A Optos widefield fundal imaging at initial presentation with acute red eye. B Optos widefield fundal imaging three months after presentation following treatment with topical steroids. There was no regression in the choroidal lesion and subtle growth at the superior edge. C B-mode ultrasound of the choroidal mass at presentation, 2.1 mm (height) × 11.7 mm (longitudinal base) × 14.3 mm (transverse base), with low to medium echogenicity. There was a possible, slow internal blood flow as the recorded velocity in one vessel was 1.8 cm/s. D Histopathology of the specimen from the trans-vitreal biopsy of the right choroid which included tiny clumps of atypical cells. E Histopathology specimen obtained by Trans-scleral Essen Forceps biopsy (TSEB) of the right eye, stained with H & E at low magnification. This shows fibroconnective tissue with scattered melanin and an infiltrate of atypical cells with hyperchromatic nuclei, confirming malignant choroidal melanoma.

Optical coherence tomography (OCT) through the area of the mass showed and irregular surface profile and trace subretinal fluid. B-scan ultrasound (US) confirmed a shallow choroidal mass, 2.1 mm in thickness, with a base of 11.7 mm × 14.3 mm, with low to medium echogenicity (Fig. 2C). There was minimal internal blood flow on Doppler US.

At this stage, the clinical picture suggested an inflammatory aetiology with associated choroidal mass. The differential diagnosis included nodular scleritis, choroidal metastasis from an unknown primary, and choroidal melanoma. The patient was commenced on a trial of topical dexamethasone eye drops and monitored closely.

Topical steroid treatment improved the symptoms of swelling and redness. However, dilated fundoscopy three months after presentation showed the choroidal lesion had not regressed (Fig. 2B). The patient was concurrently referred for systemic screening for a possible unknown primary malignancy, and underwent trans-vitreal biopsy of the choroidal mass using a 25 G vitreous cutter.
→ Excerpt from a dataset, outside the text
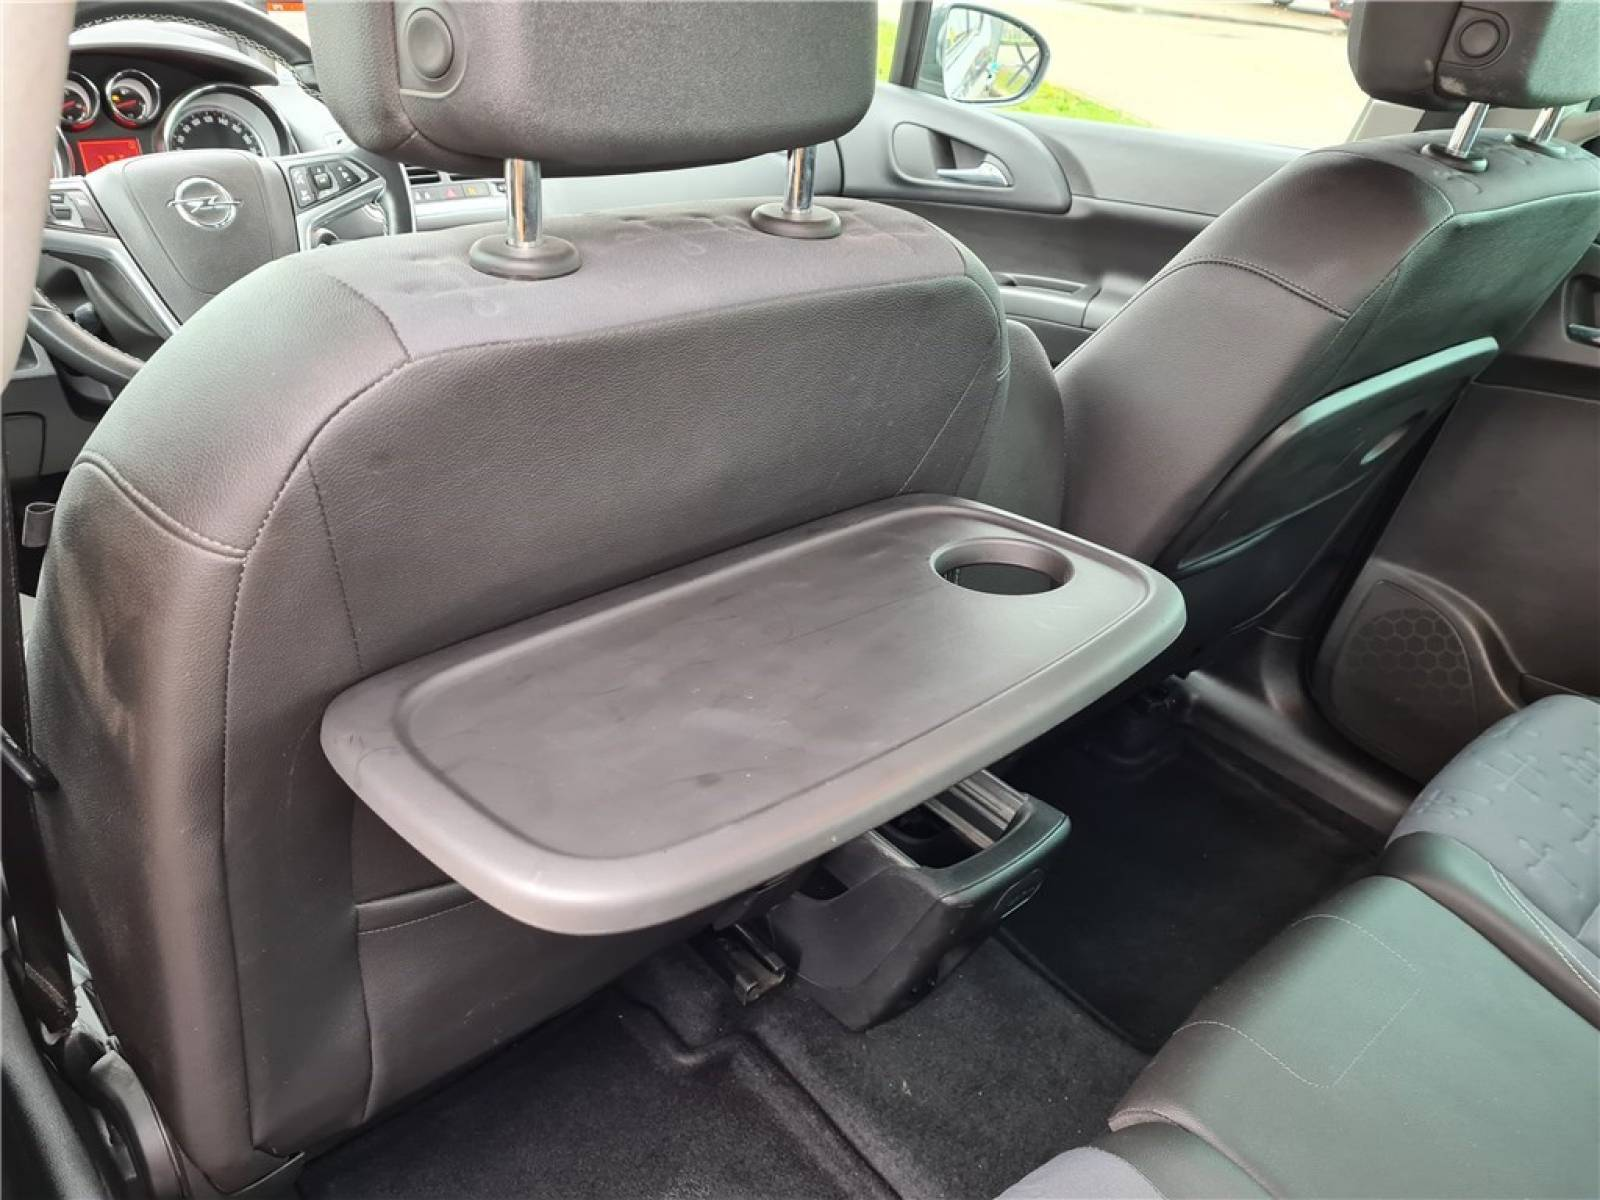 OPEL Meriva 1.6 CDTI - 110 ch Start/Stop - véhicule d'occasion - Groupe Guillet - Opel Magicauto - Chalon-sur-Saône - 71380 - Saint-Marcel - 26

Systemic screening, including whole-body positron emission tomography-computed tomography (PET-CT), magnetic resonance imaging (MRI) head and neck and dermatology assessment, did not identify a systemic malignancy.

Histopathological evaluation of the trans-vitreal choroidal biopsy revealed a few small clusters of hyperchromatic atypical cells with scanty cytoplasm. Immunohistochemistry was negative for the melanocytic markers Human Melanoma Black 45 (HMB45) and melanoma antigen recognised by T cells 1/MART-1 (Melan-A). Immunohistochemistry for AE1/AE3, CD3 and CD79a were also negative, rendering carcinoma and lymphoma unlikely (Fig. 2D).
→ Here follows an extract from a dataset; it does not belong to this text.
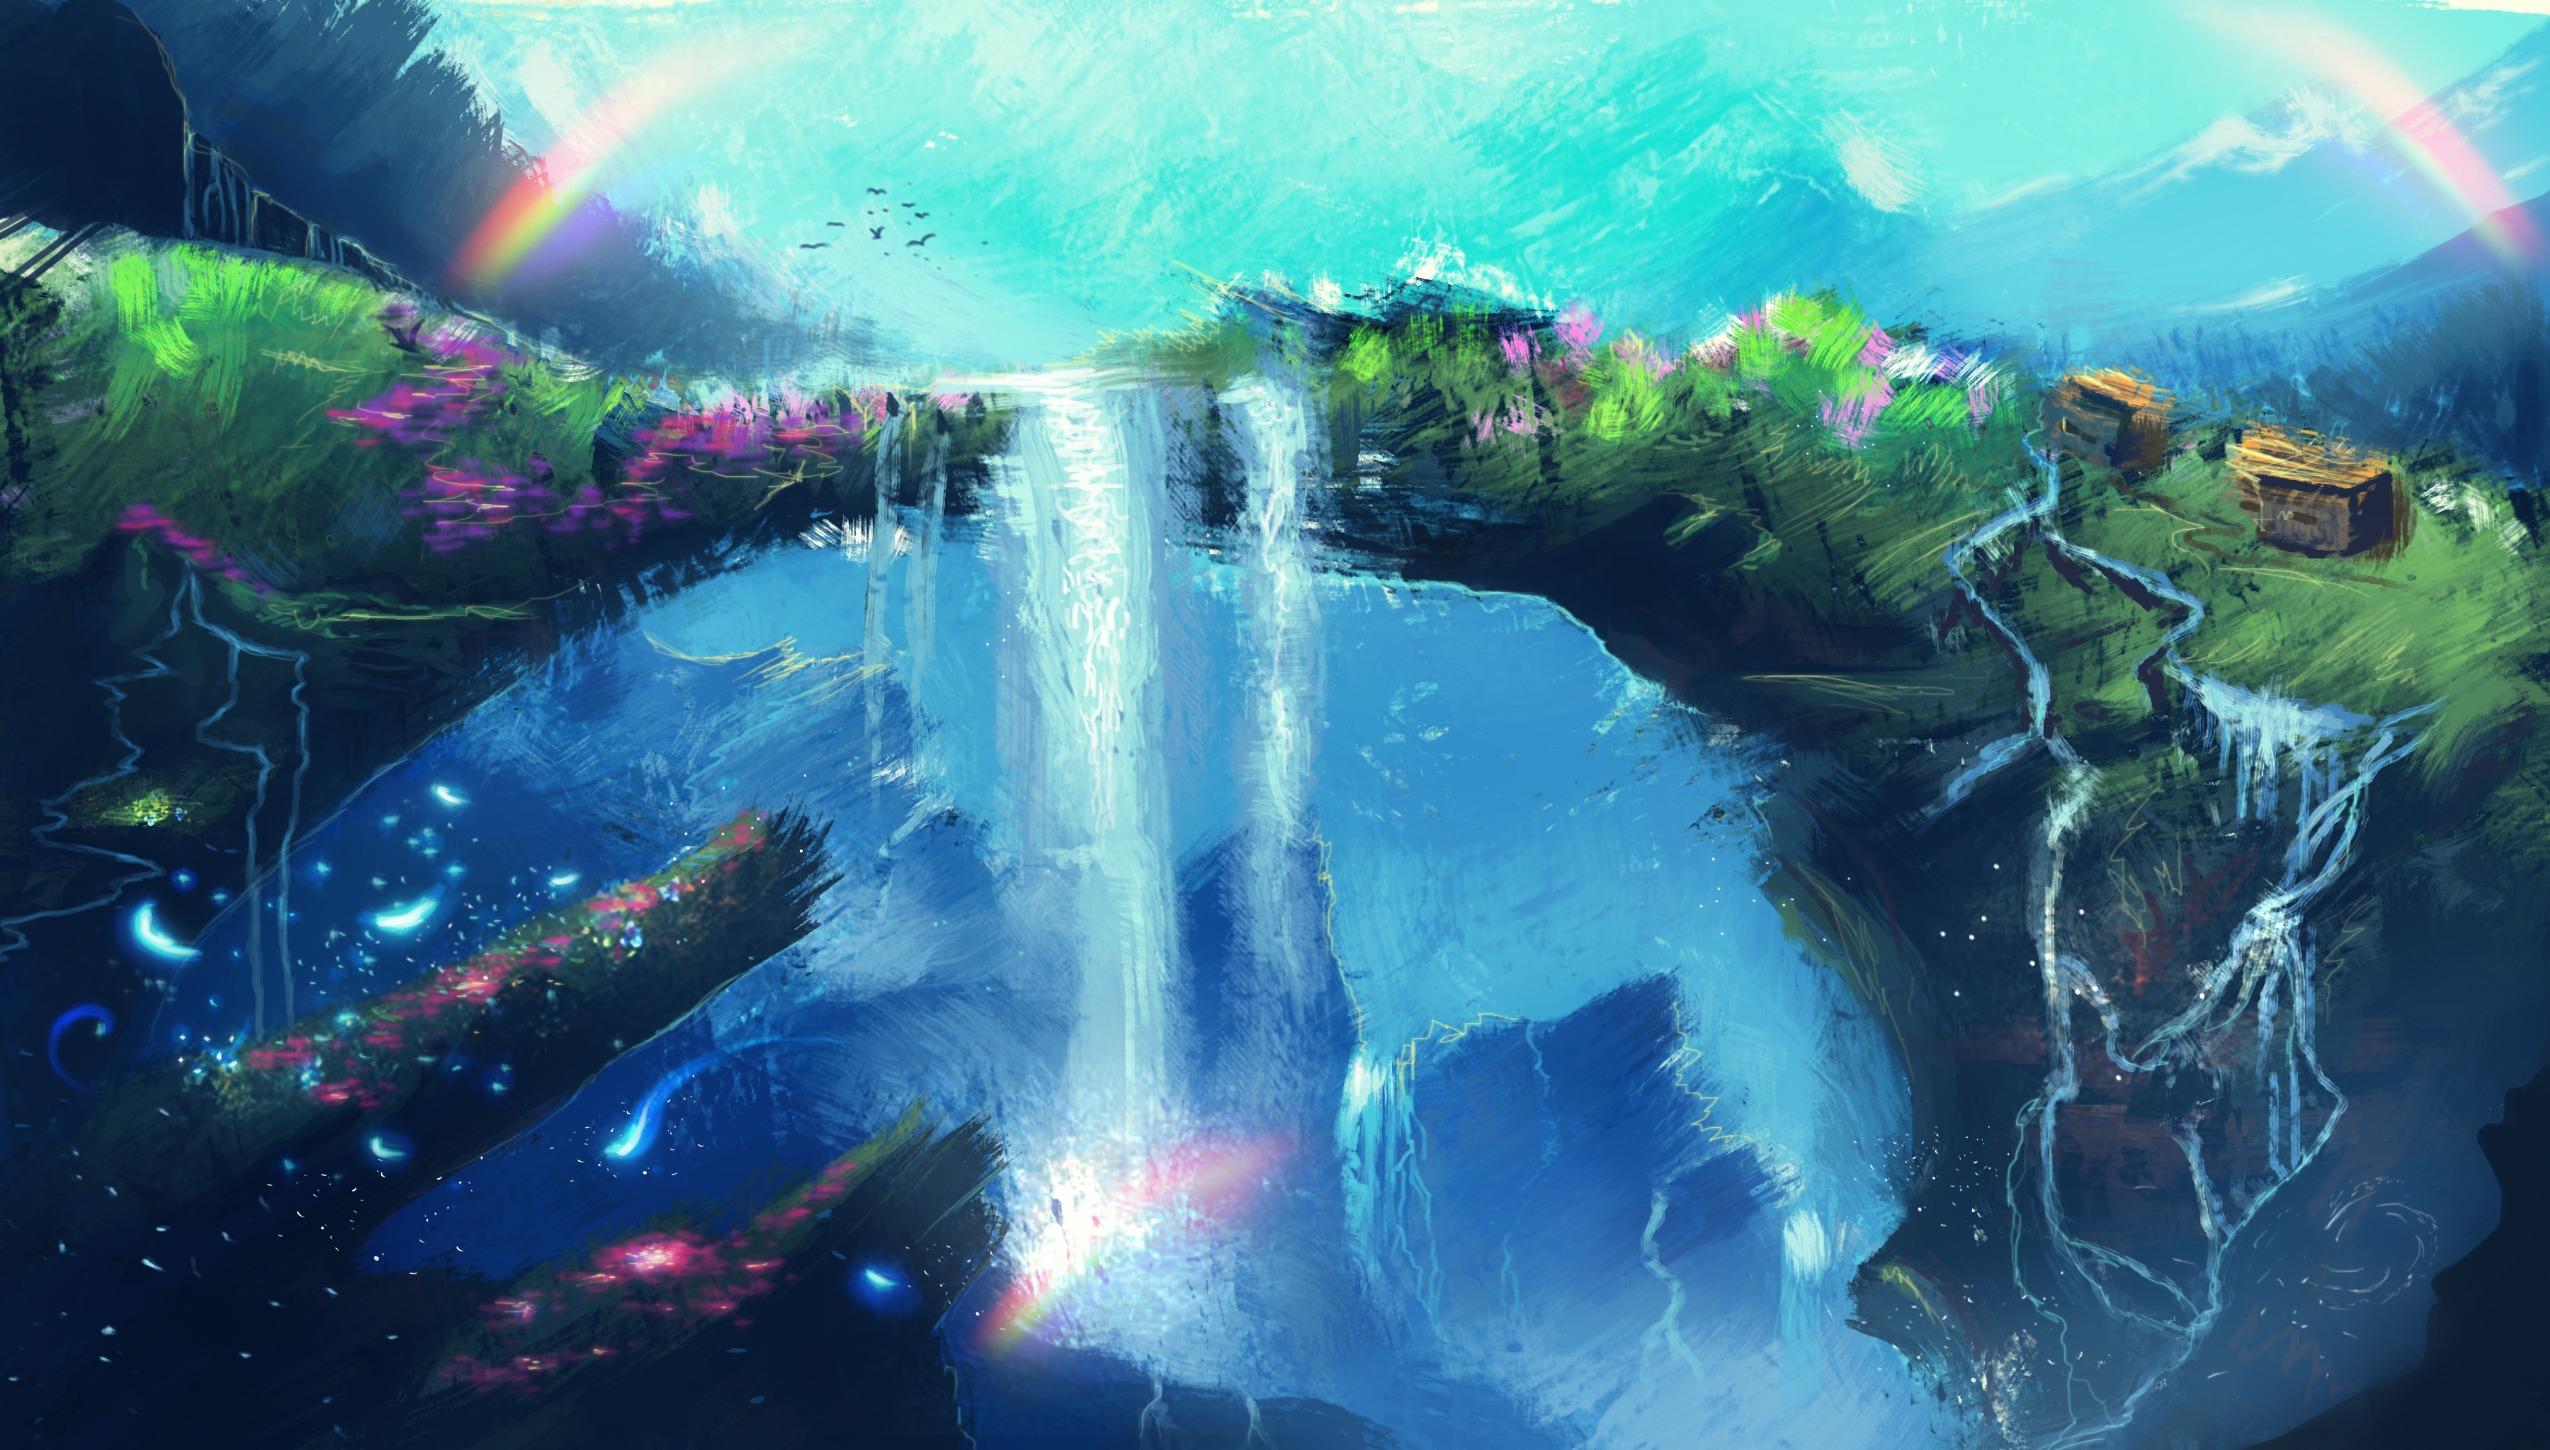 <p>Арт рисунок водопад</p>

Given the ongoing diagnostic uncertainty, a second biopsy was undertaken. The TSEB technique was used (as described above, see Fig. 1), as initially described Damato et al. [15], utilising the Essen Forceps (23-gauge/0.6 mm) [14] (Fig. 3, Dutch Ophthalmic Research Center, Zuidland, The Netherlands), which was designed for trans-vitreal use [14,15,16].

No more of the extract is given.